Внутри авангардной эпохи Пригов выделяет «три возраста» авангарда. Первый – футуристически-конструктивистский, он связан с «вычленением предельных онтологических единиц текста» и вычислением «истинных законов построения истинных вещей». Частью этой стратегии является «переход художников в сферу практической и социальной деятельности». Именно эта стратегия, как считает Пригов вслед за Б. Гройсом как автором книги «Стиль Сталин» [см.: Гройс 2013], послужила идеологическим и психологическим основанием тоталитарной культуры, которая лишь перевела авангардные принципы на макроуровень, «обнаружив и объявив „большие“ онтологические единицы текста, как бы макромолекулы, которыми можно оперировать как ненарушаемыми» [5: 159], – класс, народ, партия, история.

Второй «возраст» – абсурдистский, выявивший «абсурдность всех уровней языка, [его] недетерминированность никакими общими закономерностями, ни общей памятью, ни общедействующими операционными законами» [там же]. В России этот тип авангардной культуры, считает Пригов, «сумел перекодировать элементы [существовавших на тот момент] языковой тактики и стратегии, совпав по времени с западным новым авангардом – результатом прямого наследия традиции» [5: 160].

Наконец, третий возраст идентифицируется как поп-артистско-концептуалистский и выступает в качестве псевдодиалектического синтеза двух предыдущих возрастов: «Пафосом третьего периода стало утверждение истинности каждого языка в пределах его аксиоматики… и объявление его неистинности, тоталитарных амбиций в попытках выйти за пределы и покрыть весь мир собой» [там же].

Именно в этот период эволюции авангарда художник «оказывается в метаязыковой зоне операционального уровня», что порождает смешение разных видов искусств, различия между которыми «отменяются на уровне авторской языковой поведенческой модели» [там же]. Как Пригов говорит в одном из интервью: «Только с концептуализмом пришел менталитет не текстовой, а операциональный, когда представители литературы не надстраивали новый стилистический слой, а представили динамическую модель. Для них все слои стали персонажами» [Шаповал 2003: 16]. Именно здесь, полагает Пригов, и наступает «конец текстоцентризма»: литература становится «ресурсом текстового и персонажного цитирования». «Операция, синоним жеста» берет на себя роль «единицы текста».

Перформативность – в этой интерпретации – пронизывает все без исключения практики художника.

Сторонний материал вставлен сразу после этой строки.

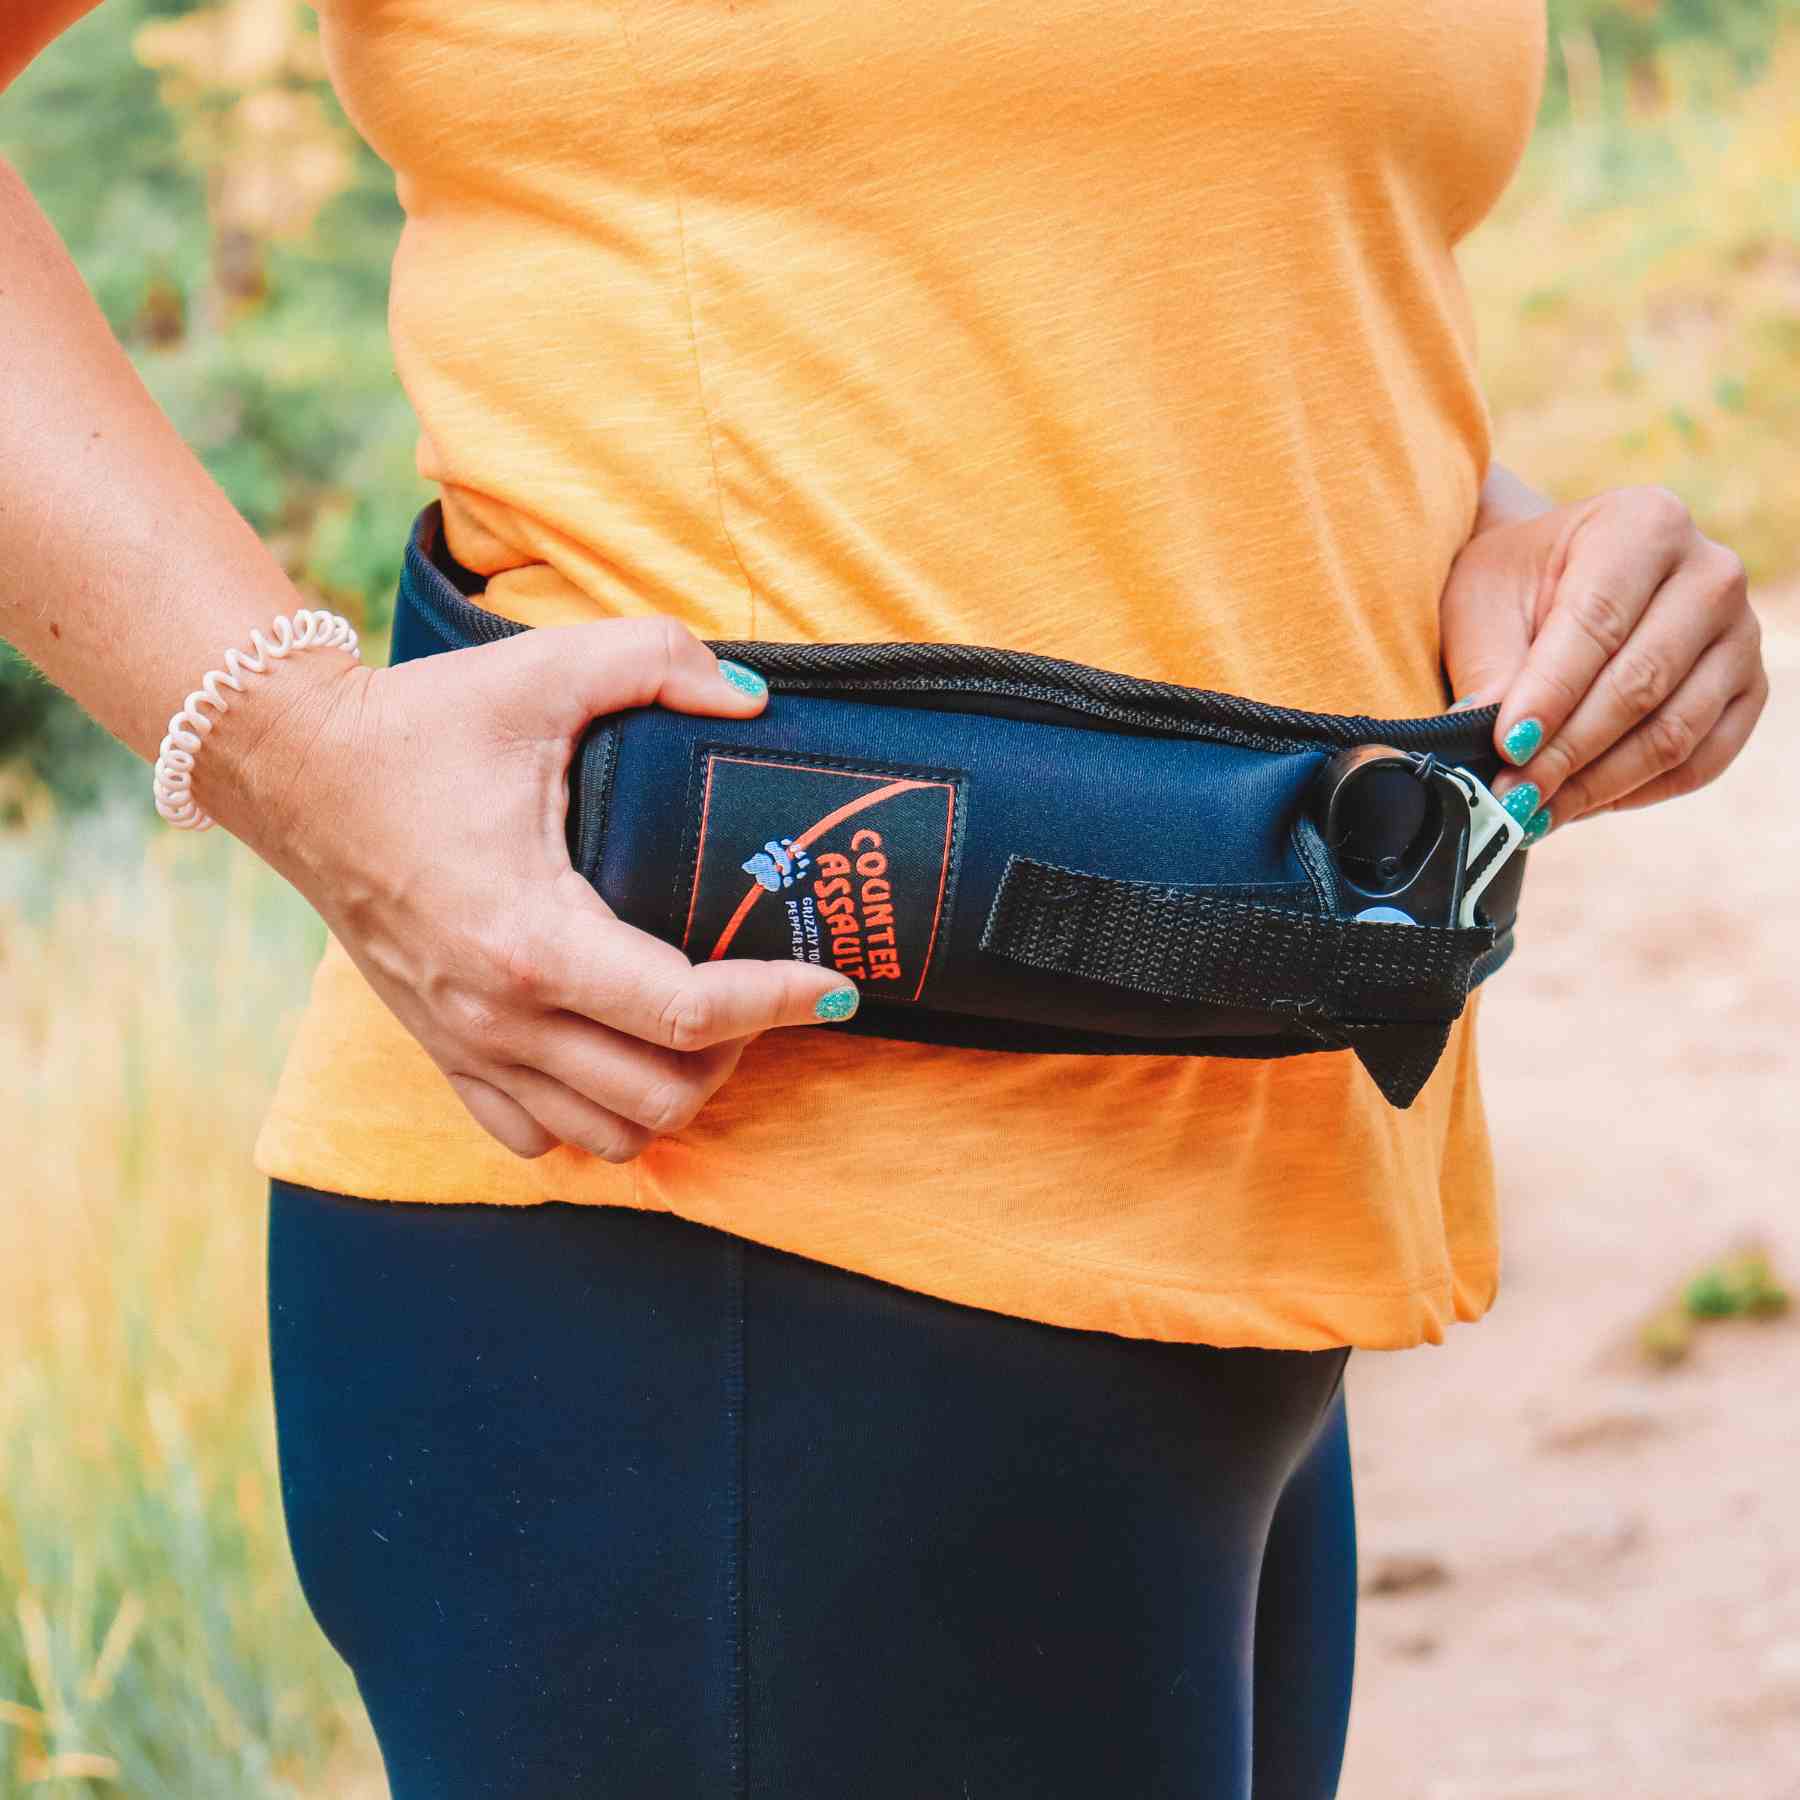 Woman adjusting the trail runner holster

В интервью Алене Яхонтовой Пригов так описывает собственную деятельность:

…Для меня все ‹…› виды [моей] деятельности являются частью большого проекта под названием ДАП – Дмитрий Александрович Пригов. Внутри же этого цельного проекта все виды деятельности играют чуть-чуть иную роль. То есть они есть некоторые указатели на ту центральную зону, откуда они все исходят. И в этом смысле они суть простые отходы деятельности этого центрального фантома [Пригов – Яхонтова 2010: 74].

Авторский «центральный фантом» становится по этой логике главным продуктом тотального перформанса, включающего в себя тексты, картины, инсталляции, собственно перформансы и любые публичные высказывания (например, интервью). Его можно было бы сопоставить с «первичным автором» из черновых записей М. М. Бахтина [Бахтин 2002: 412], но с оговоркой: Бахтин, кажется, считал этого «первичного автора» эманацией реального «я», для Пригова же само существование единого «я», единого субъекта, стоящего за этим «первичным автором», было проблематичным, если не сомнительным. Более того, сам этот виртуальный автор и был главным произведением Пригова. «Нет и не было никакого Пригова. Он придумал, вылепил какого-то Дмитрия Алексаныча, наделил его особым языком, голосом и неповторимой интонацией, а сам исчез!» [Пивоваров 2010: 699].

В пределе речь идет о перформативной жизни автора, о «поведении, обнаруживающемся в пределах неигрового вида искусства, где привычный конвенциональный профессиональный язык не предполагает (вернее, до определенного времени не предполагал) появление самого творца, релятивизирующего тем самым ценность, прочность, однозначность и самодостаточность языка произведенных им объектов» («Оценки по поведению», 1990‐е гг. – 5: 326).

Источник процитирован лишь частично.